-------- MATERIAL PROVIDED
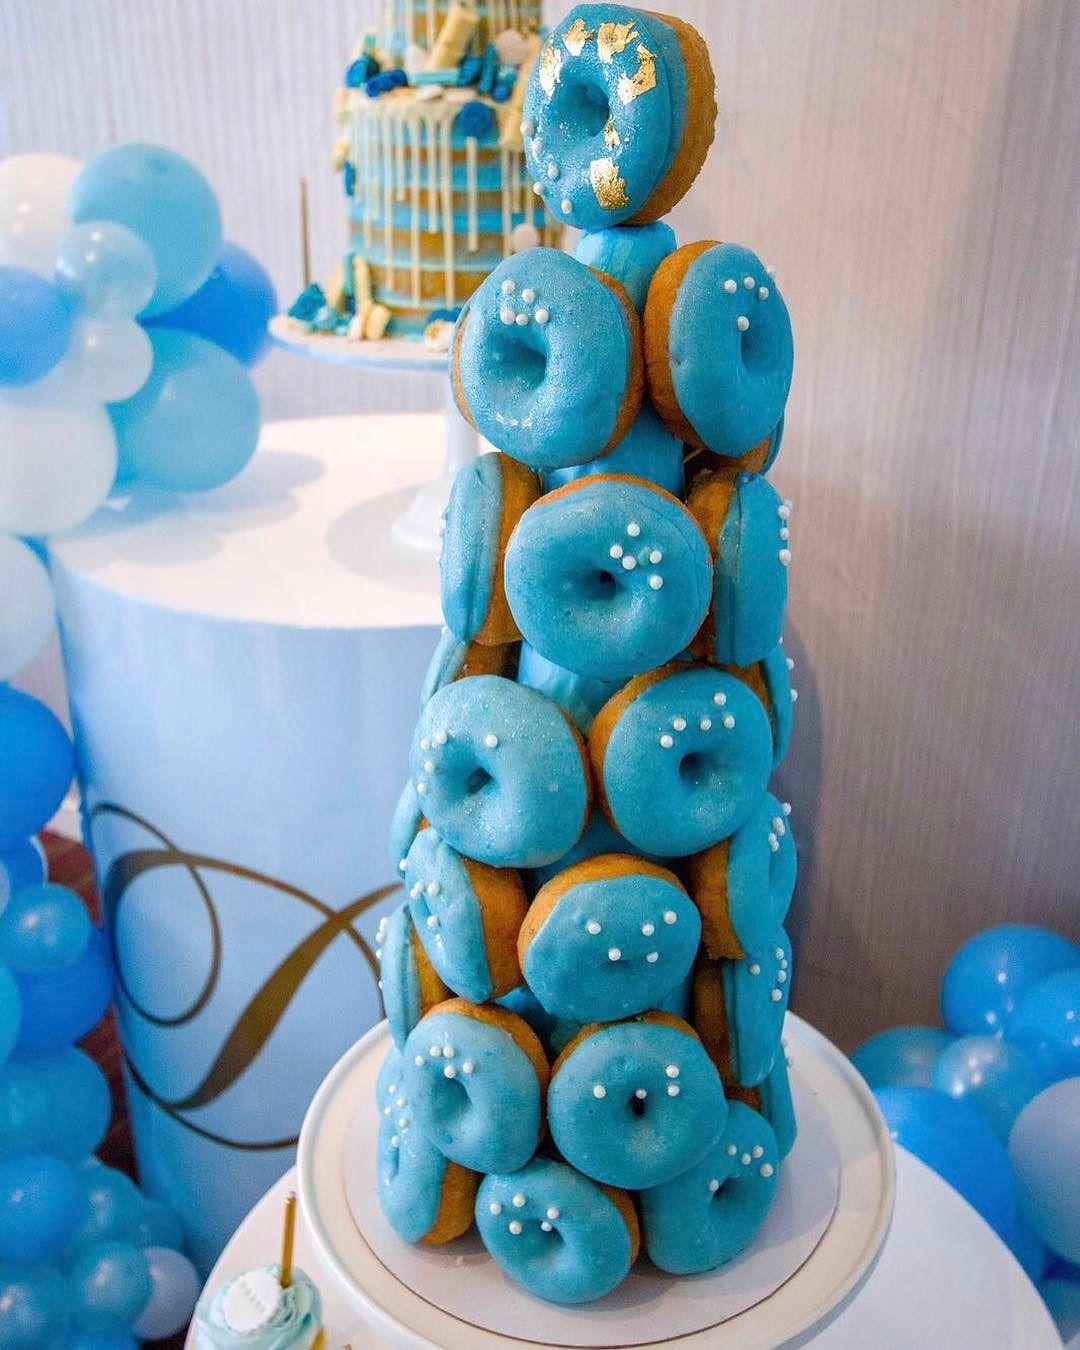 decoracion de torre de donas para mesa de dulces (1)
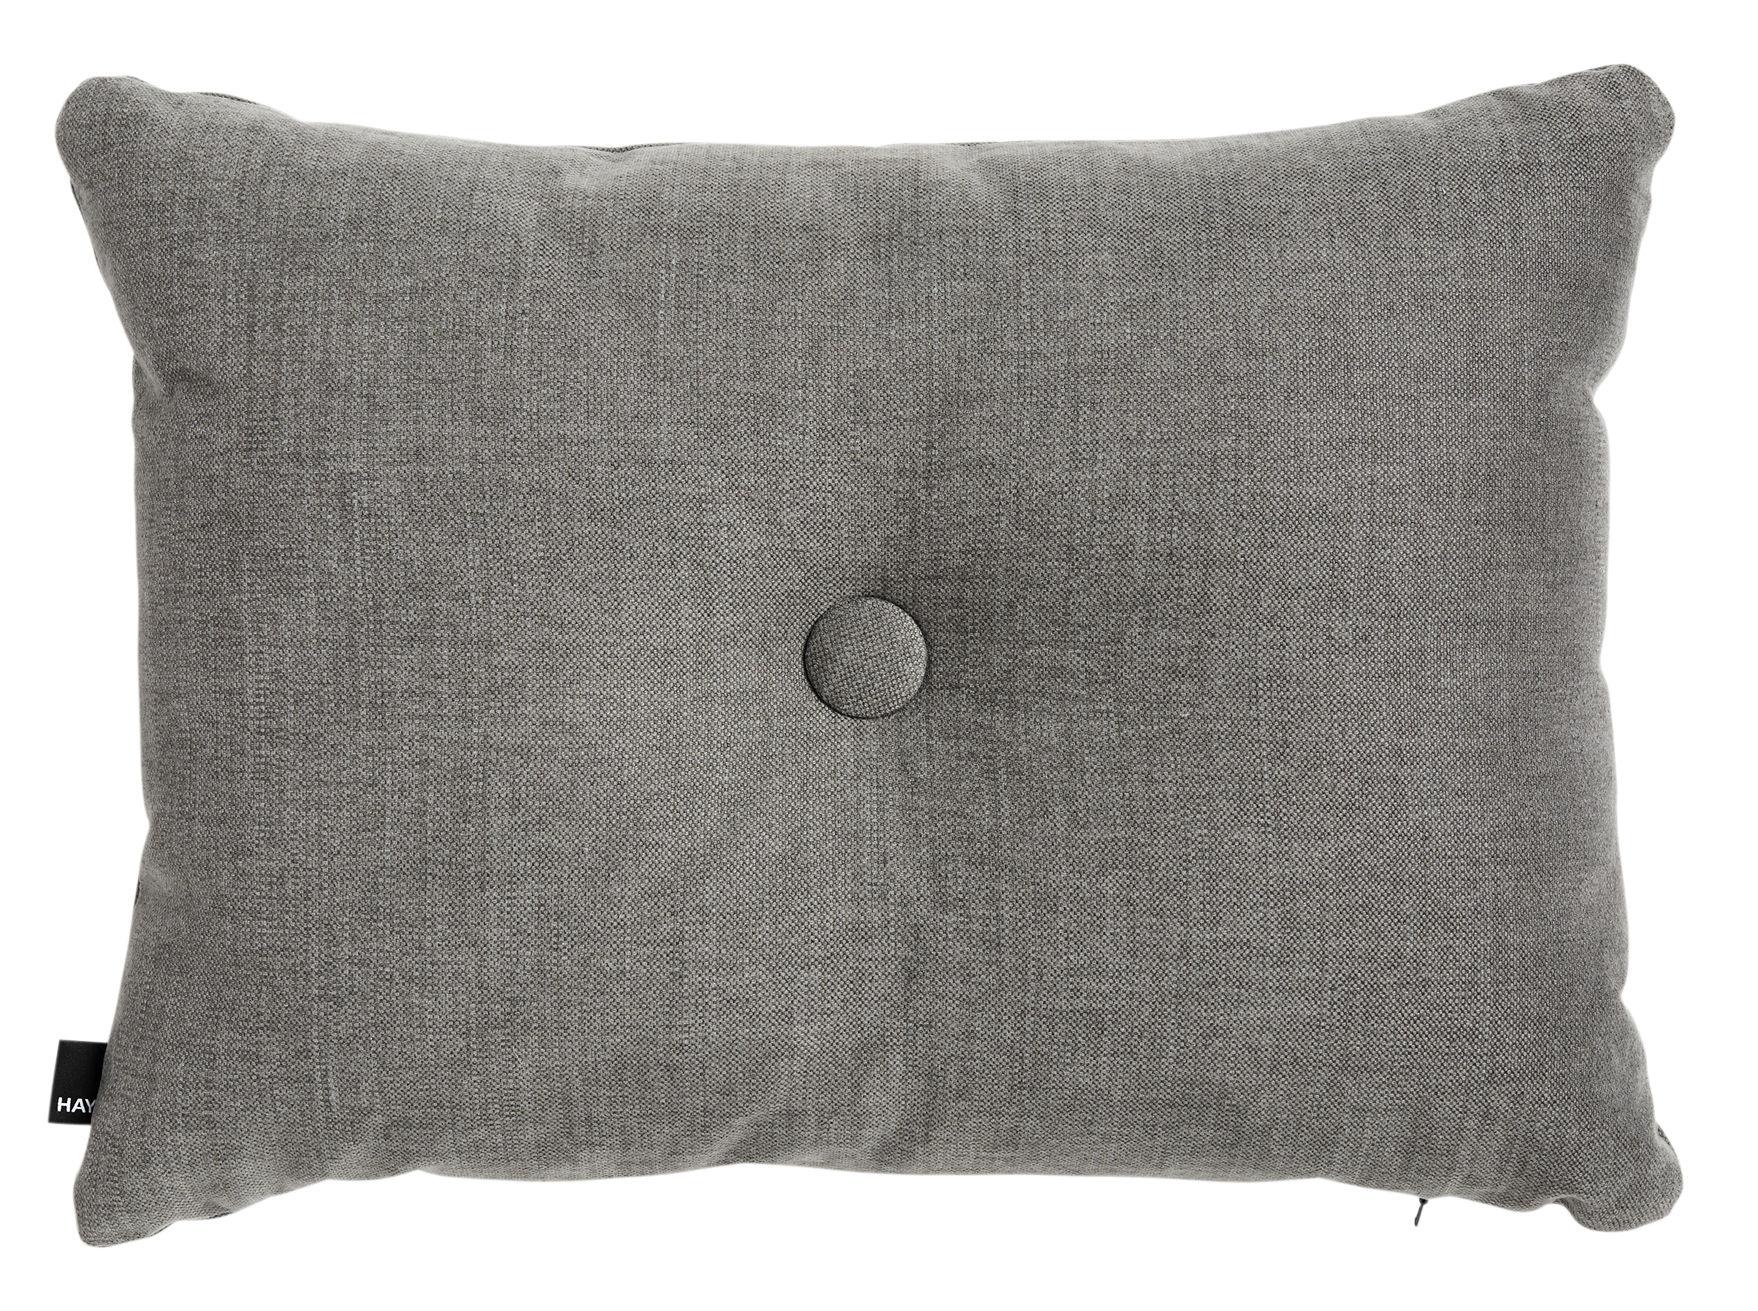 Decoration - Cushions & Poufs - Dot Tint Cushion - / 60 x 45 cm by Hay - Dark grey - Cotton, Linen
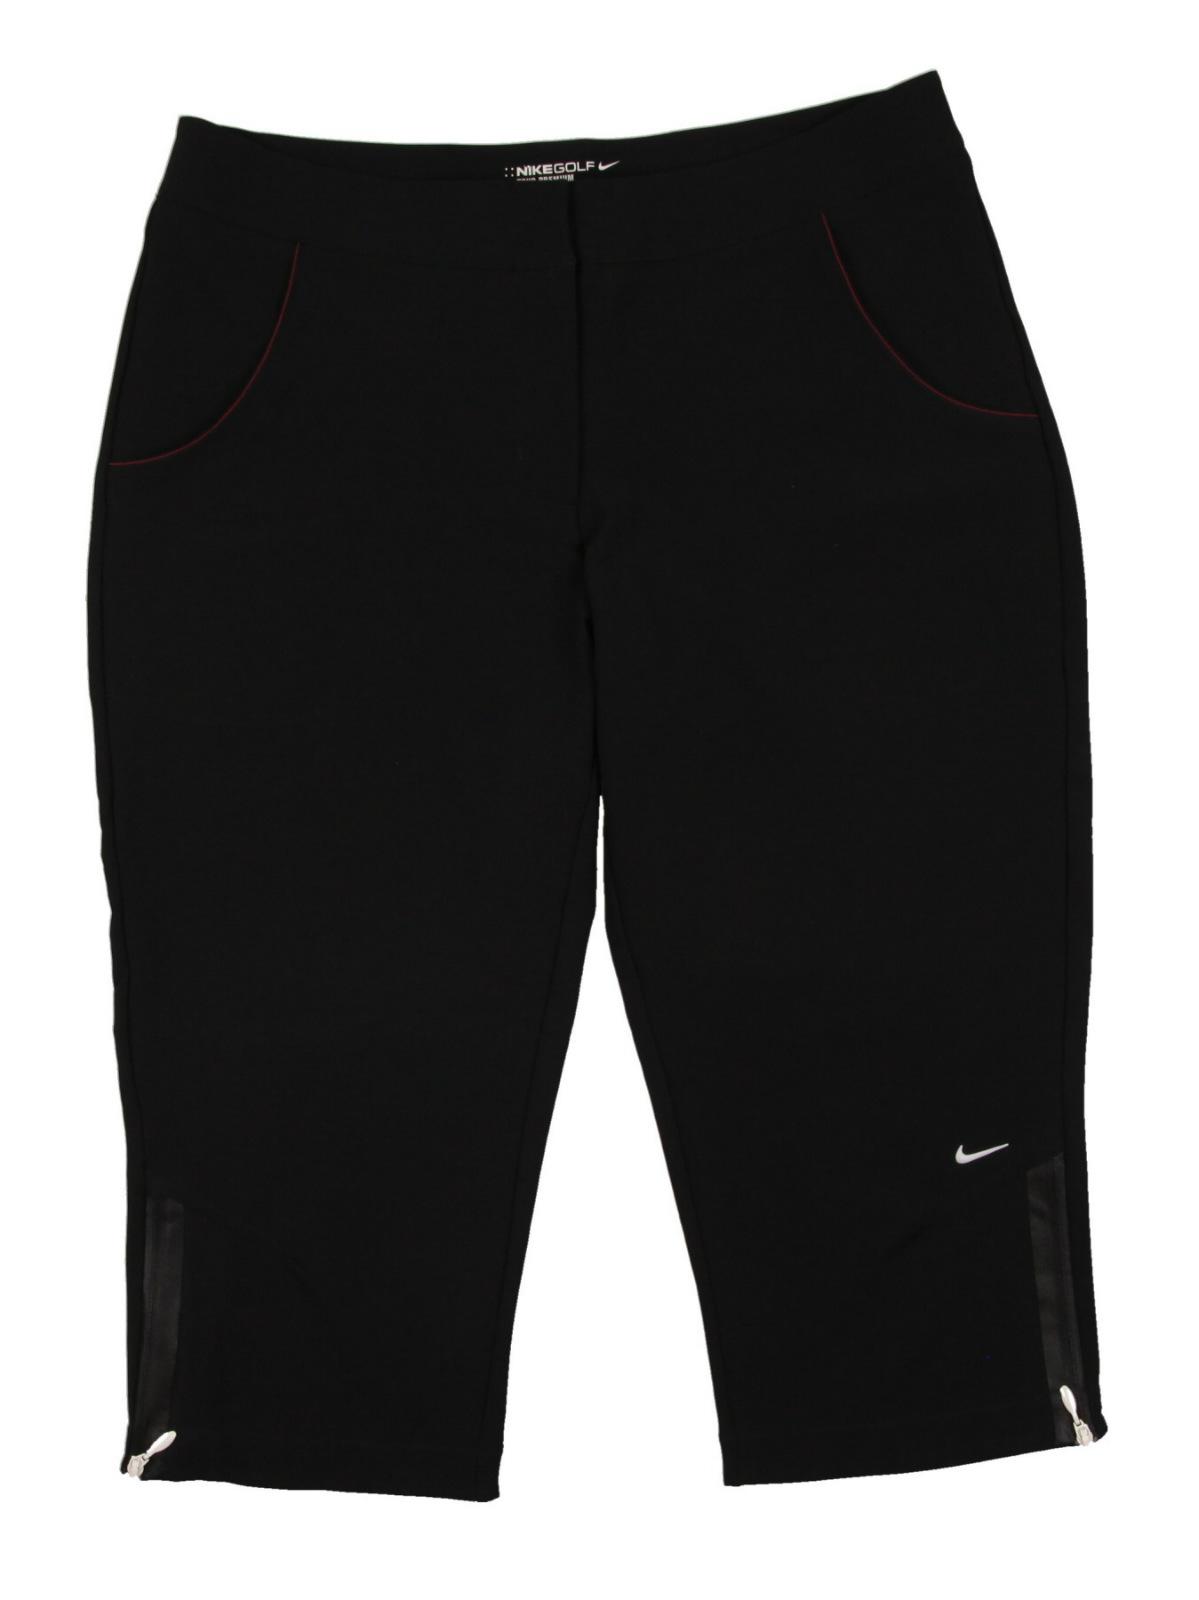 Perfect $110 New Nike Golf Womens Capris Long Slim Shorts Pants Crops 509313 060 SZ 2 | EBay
----------------
*TASK DETAILS*:
Would you restate word for word each line from the one that holds "Decoration - Cushions" to the end of the material, both ends included, without the pictures?

*SOLUTION TO THE EXERCISE*:
 Decoration - Cushions & Poufs - Dot Tint Cushion - / 60 x 45 cm by Hay - Dark grey - Cotton, Linen
 Perfect $110 New Nike Golf Womens Capris Long Slim Shorts Pants Crops 509313 060 SZ 2 | EBay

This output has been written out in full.